Something I love about having children is seeing how much they learn and evolve.
They change so fast, plus absorb information and learning like sponges, and it’s fantastic to see them grow, literally changing day by day sometimes.
As adults, once we’re in a fairly settled home, relationship and job, we don’t have anything like the speed of growth of children – physically or otherwise.
Plus it seems harder to track and appreciate – we can go two or three or five years feeling we’ve stood still, which is impossible as a child.
It dawned on me that because of this, we then tend to look for other interests or hobbies we can measure our progress in, just to reassure ourselves that we are still evolving.
For example, even something simple like blogging and seeing your number of published posts and readership steadily grow, or cycling to work and practising yoga every day, or tracking your daily steps, and seeing how all of these build over time, is both rewarding in its own right, and for that measure of progress it brings.
Which is why I do all of these things!
With cameras, I definitely feel there’s an element of this growth tracking at work here too.
Buying a new camera brings a fresh challenge and fresh possibilities.
Generally, there are one of two approaches, and desired outcomes –
- You attempt a different kind of photography (which can be subtle, not necessarily radical) and therefore expand your range of photographic talents.
- You try to recreate your favourite type(s) of photography you’ve achieved with other cameras, with a new camera, and by conquering this, it shows you can adapt what you’ve learned to new kit, again a reassuring measure of your progress.
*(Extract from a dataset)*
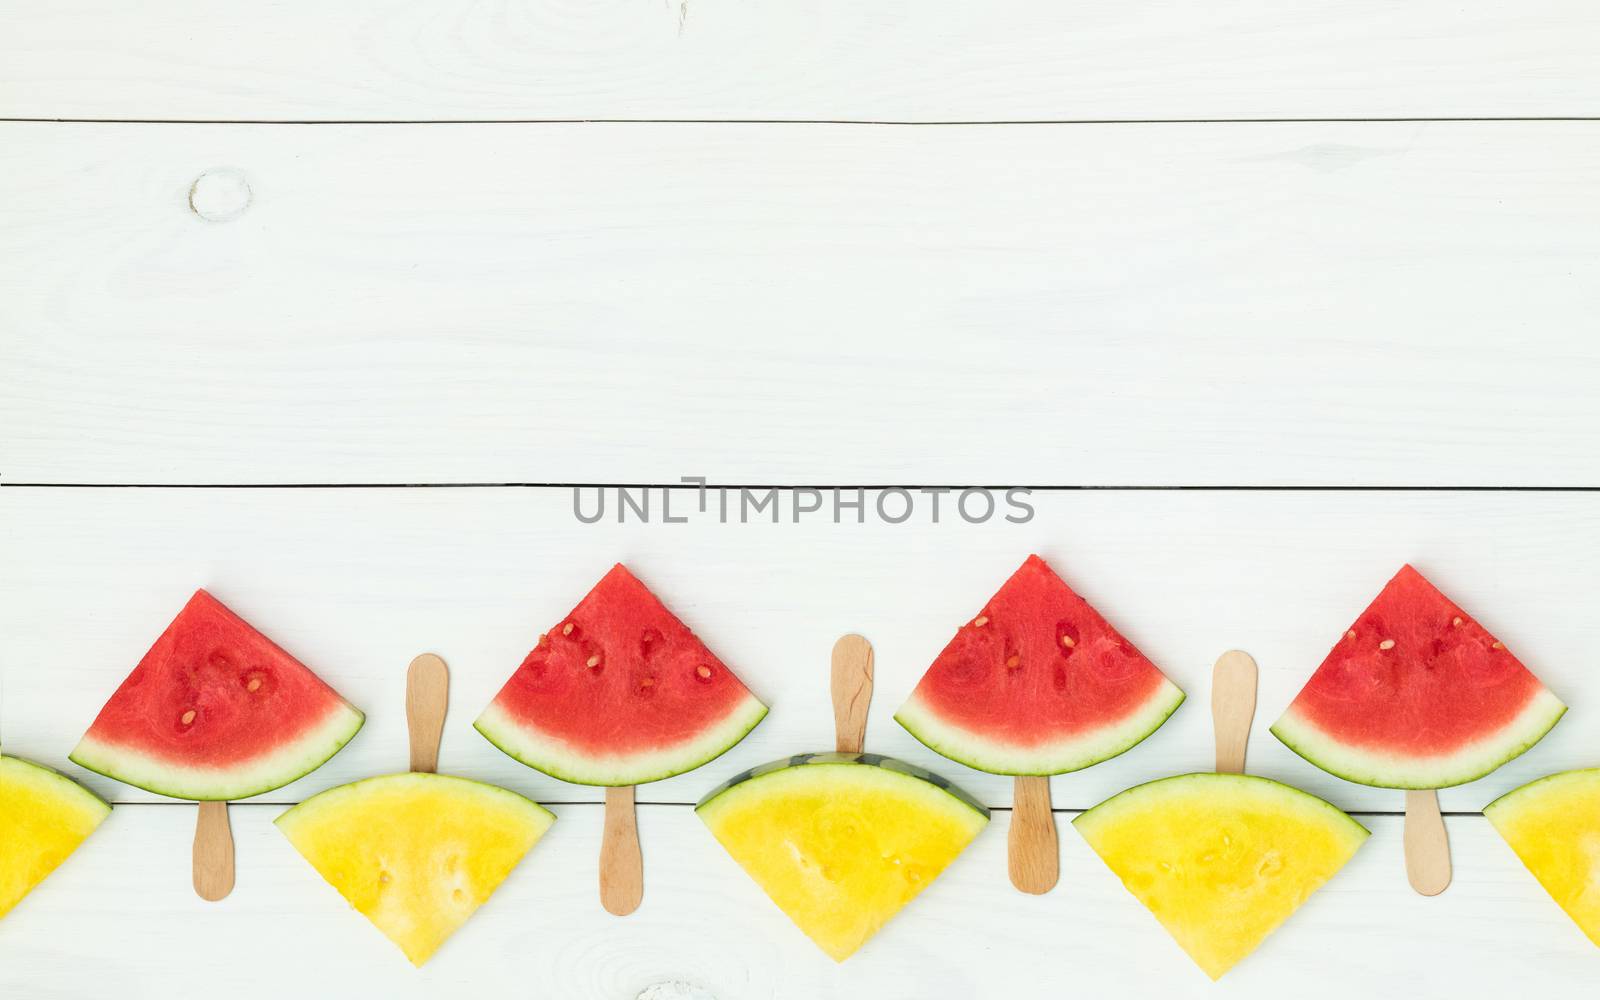 Red and yellow watermelon slices on sticks by ArtSvitlyna

Or, you do both of the above with the same new camera.
So for me, looking forward, I can see that perhaps the best way of satisfying both my need for learning and measuring my progress, and my need to keep things simple and minimal (I don’t want 50+ cameras and lenses again) is to have a handful of cameras to provide enough variety, with some of those being interchangeable lens cameras.
A DSLR for example with, say, a modern 35mm AF lens, and an older 50mm lens, gives both consistency in using the camera body, as well as variety and progress in trying to master the two different lenses, of different focal lengths, and that function differently.
You can fairly easily measure how you evolve with each different lens, each time you use them.
If I think about using just one camera and lens for the rest of my life, I immediately wonder how I would gauge my progress, or would I be taking near identical images year after year after year, and feel stuck in a rut?
What are your thoughts on all of this? Do you like to have ways to measure your learning and growth in life? How does this manifest in your photography life?